Similarly, the law must also be concerned with this automation of decisions. In the event of a wrong, biased, or harmful decision being made by a machine, who is responsible? How was the decision made? What are the determining factors that led to that result? And when the damages are concentrated in specific groups in society? Many issues are still in dispute among the various social sectors, and their answers require grounding in social studies of the application of these technologies.
But how can the problem of biases in machine learning algorithms be solved? Researchers argue that a major driver of bias in these systems is the training data used for the algorithm. Using databases that are more balanced in social representation helps to diversify the pattern worked on by the algorithm. In this sense, measures must be taken to ensure that the databases are diverse and do not under-represent specific groups. Some researchers are already working on this.
Moreover, it is important that training datasets for algorithms include information on how data has been collected and categorized. According to Zou e Schiebinger,
“[a] complementary approach is to use machine learning itself to identify and quantify biases in algorithms and data. We call this conducting an artificial intelligence audit, in which the auditor is an algorithm that systematically tests that the original machine learning model can identify biases both in the model and in the training data.”
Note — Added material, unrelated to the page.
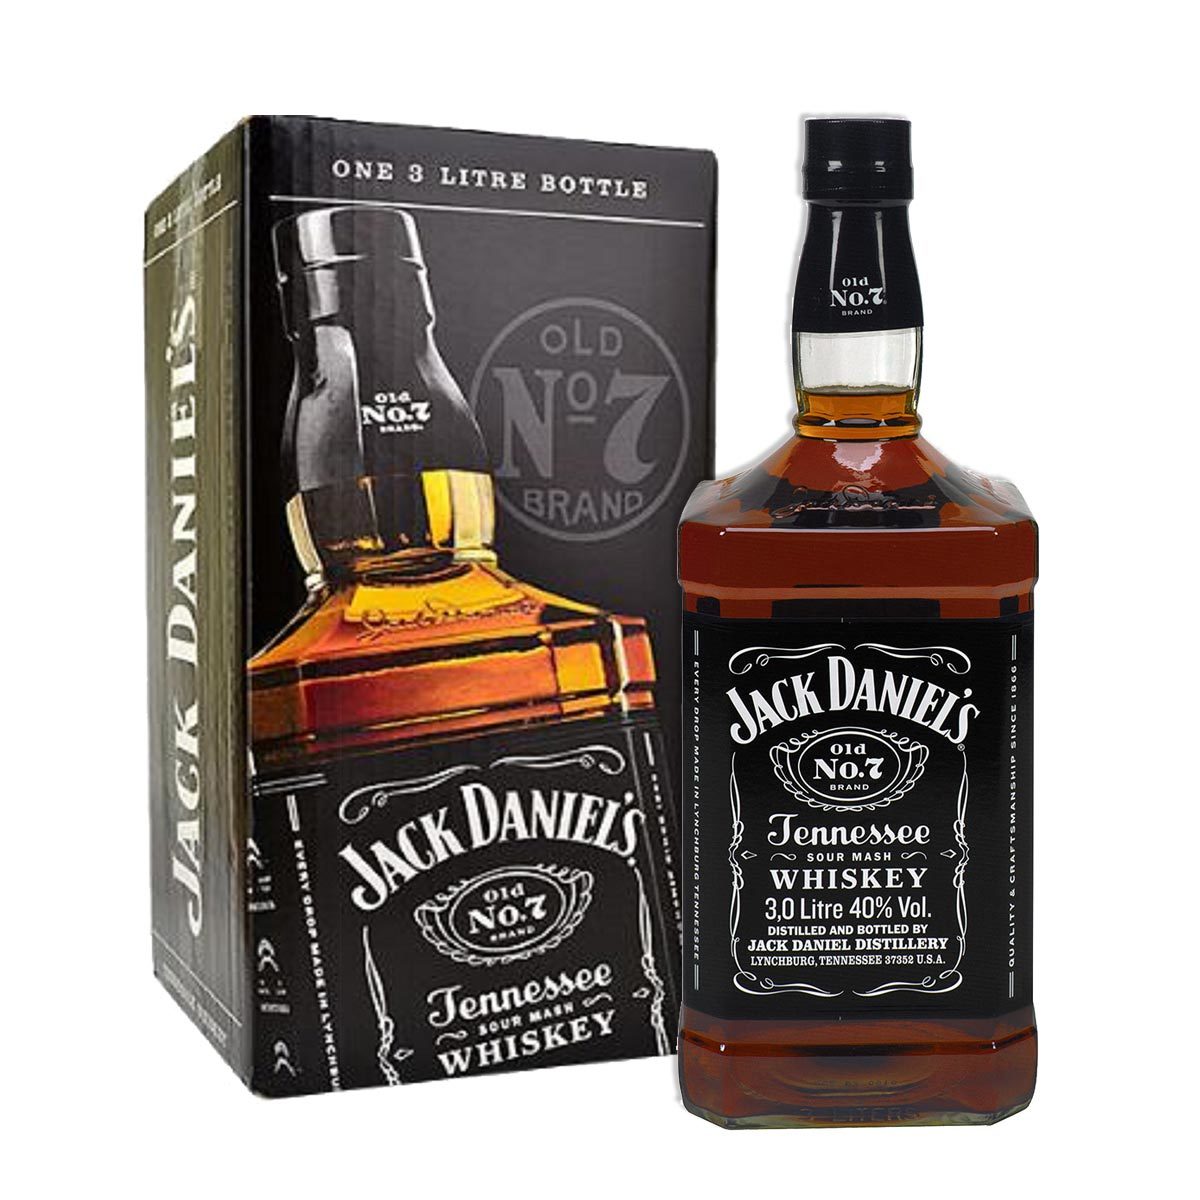 Джек даниэль. Джек Дэниэлс Блэк. Виски Джек джемисон. Виски Джек Дэниэлс Теннесси. Jack Daniels Tennessee Whiskey Джек Дэниэл'с Теннесси виски.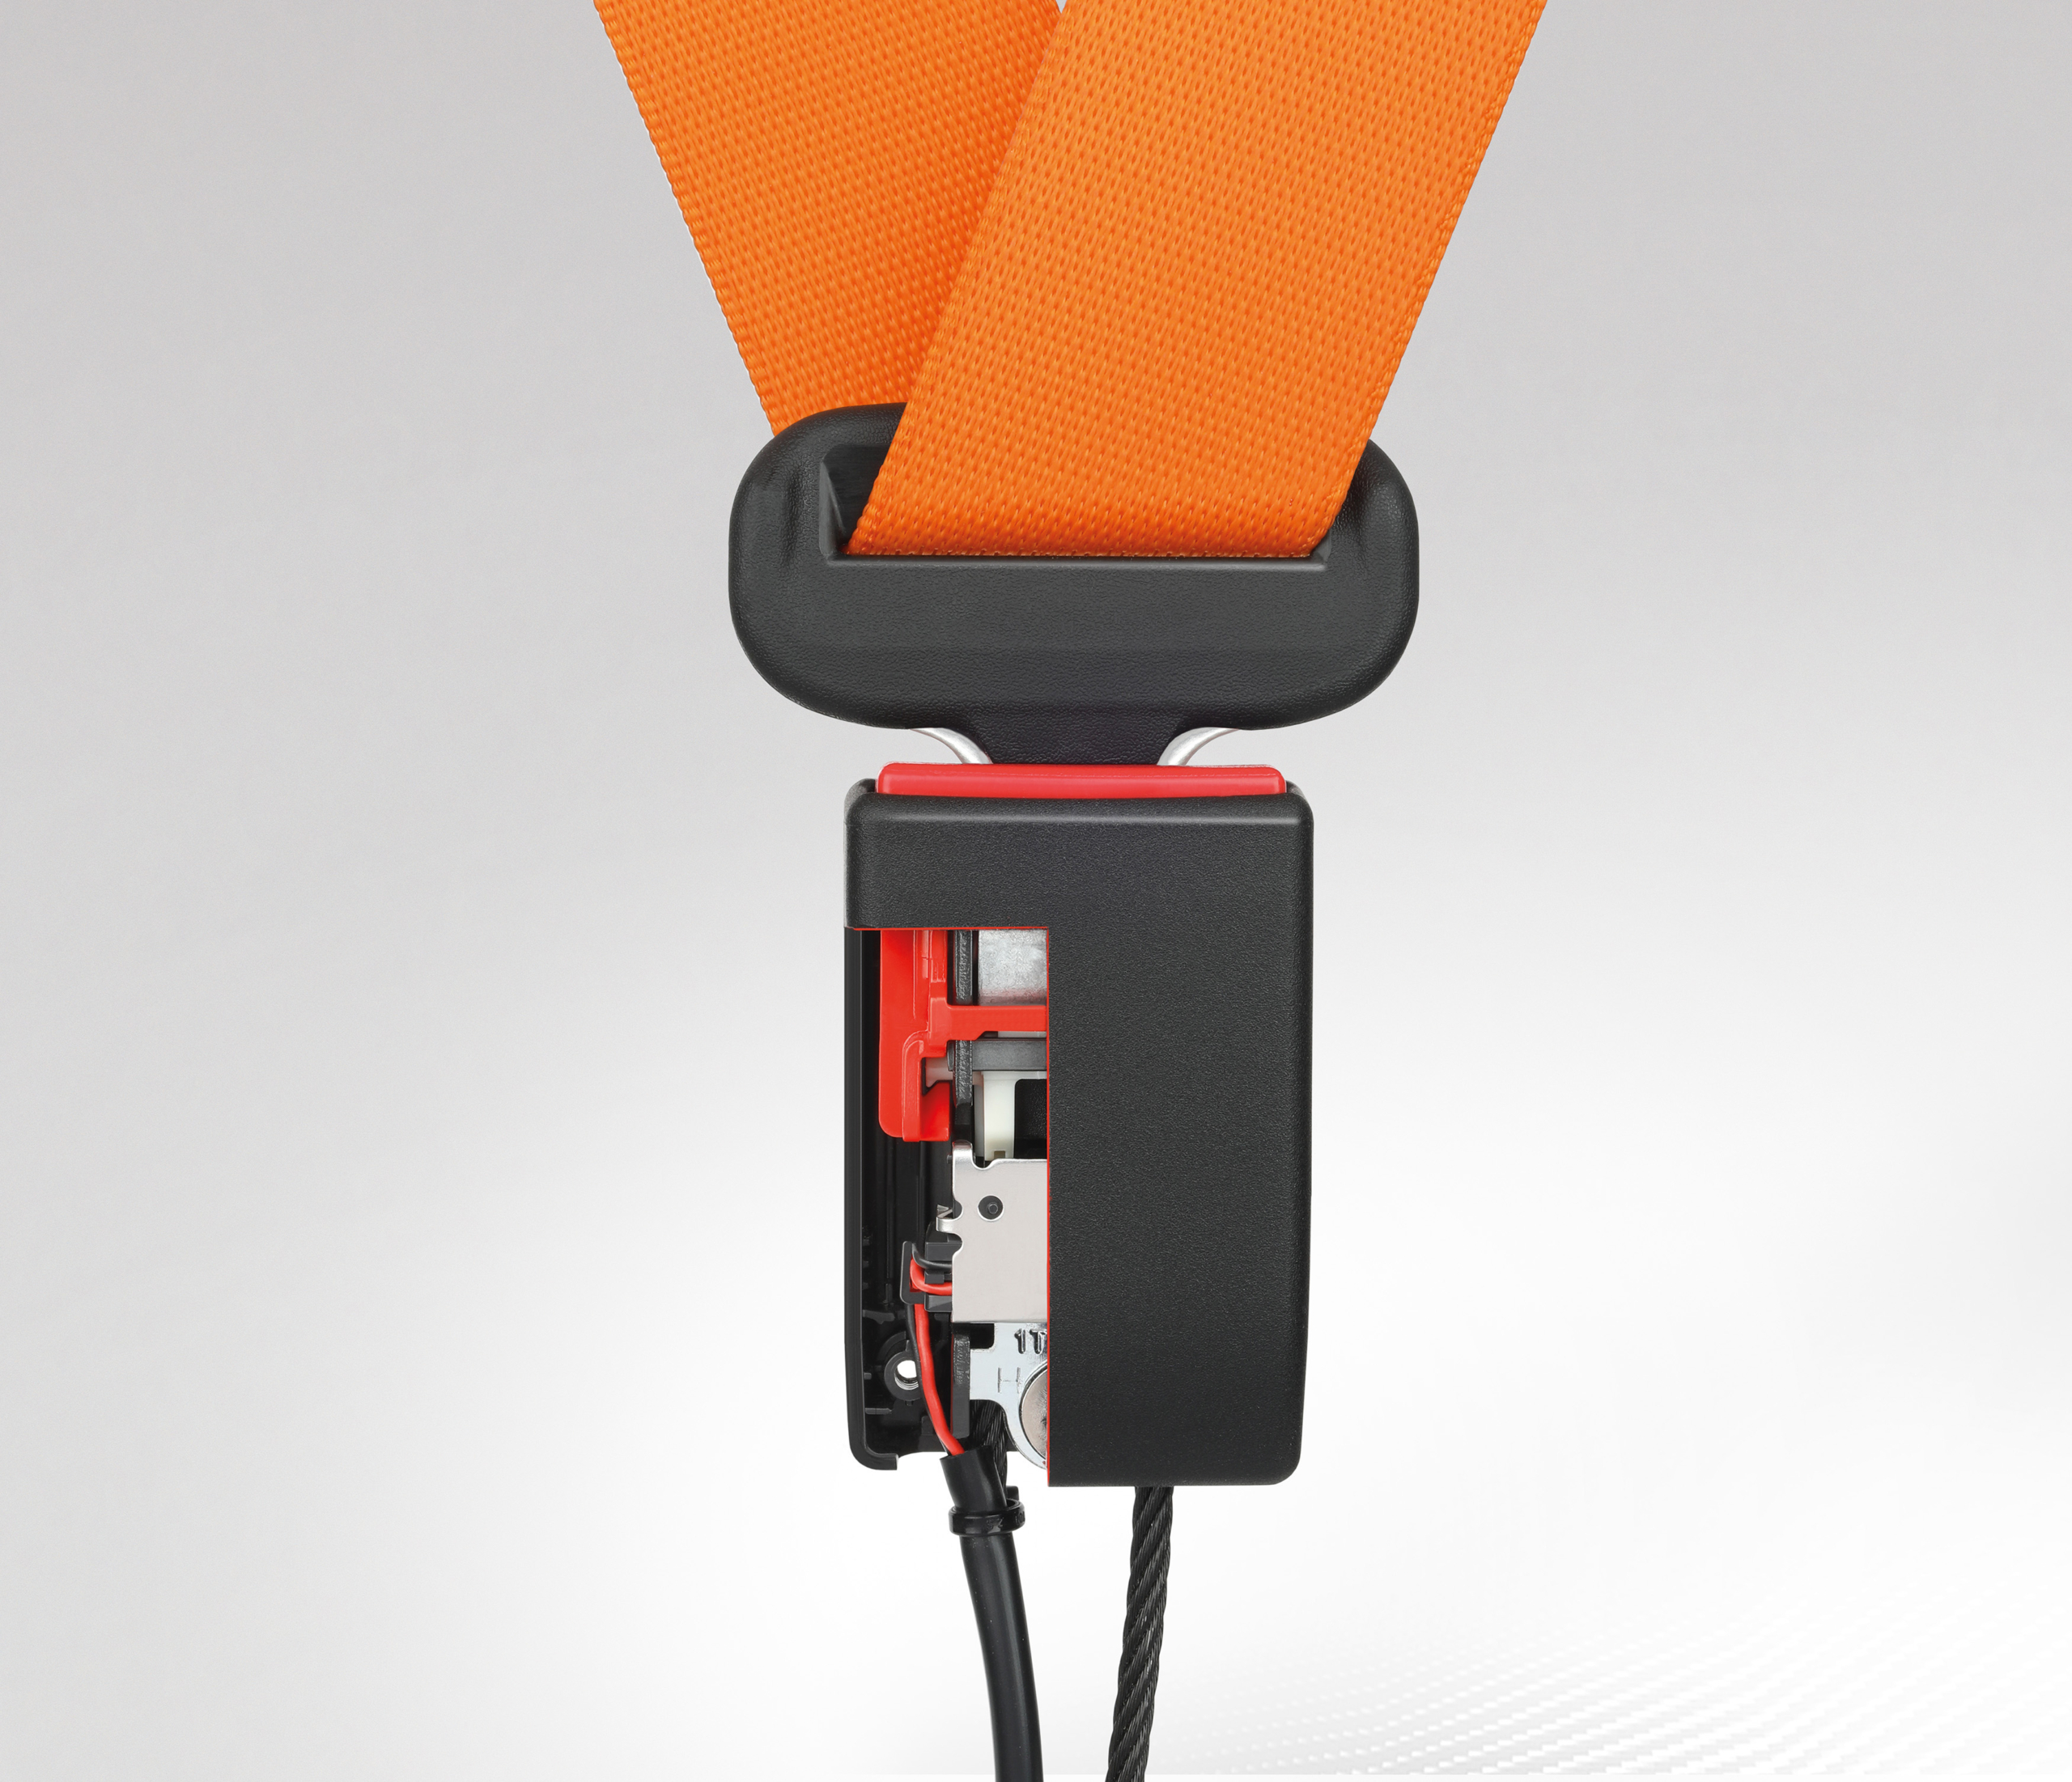 Seatbelt Buckle | Joyson Safety Systems © 2020

In the end, it is important to emphasize that there are methods that can be used to at least mitigate the occurrence of biases in machine learning algorithms, they just need to be used more frequently. In addition, it is necessary for the development teams of such products to be more diverse, so that this concern appears more emphatically in the technology industry. To achieve this, it is necessary to encourage the participation of women, blacks, indigenous people, members of the LGBTQ+ community, that is, minority groups in general, in the field of technology, so that they can feel increasingly represented in the products released to the market. In more conceptual terms: there is an imperative to combine the will of technique and economic will, prevalent in the development of technologies, with the ethical and scientific debate, consistent with interests that are affected by the technologies, but are ignored in their development.
In the same manner, academic research should focus on the analysis of these tools in an interdisciplinary way. Inserting disciplines or activities (inherent skills construction) other than computer science into research and development teams for tools, and consequently inserting the thinking coming from the humanities, from the creation of algorithms to their implementation, will generate greater reflection on the social, legal, and political effects of their adoption.
Finally, using the example of Amazon’s algorithm mentioned earlier: it is necessary to reflect on the socially established gender patterns, so that they are not perpetuated through technology. I dare to consider that, in an ideal world, technology would be capable of reversing these socially imposed roles and implementing feminism through technique, bringing about the equality for which we have fought so hard.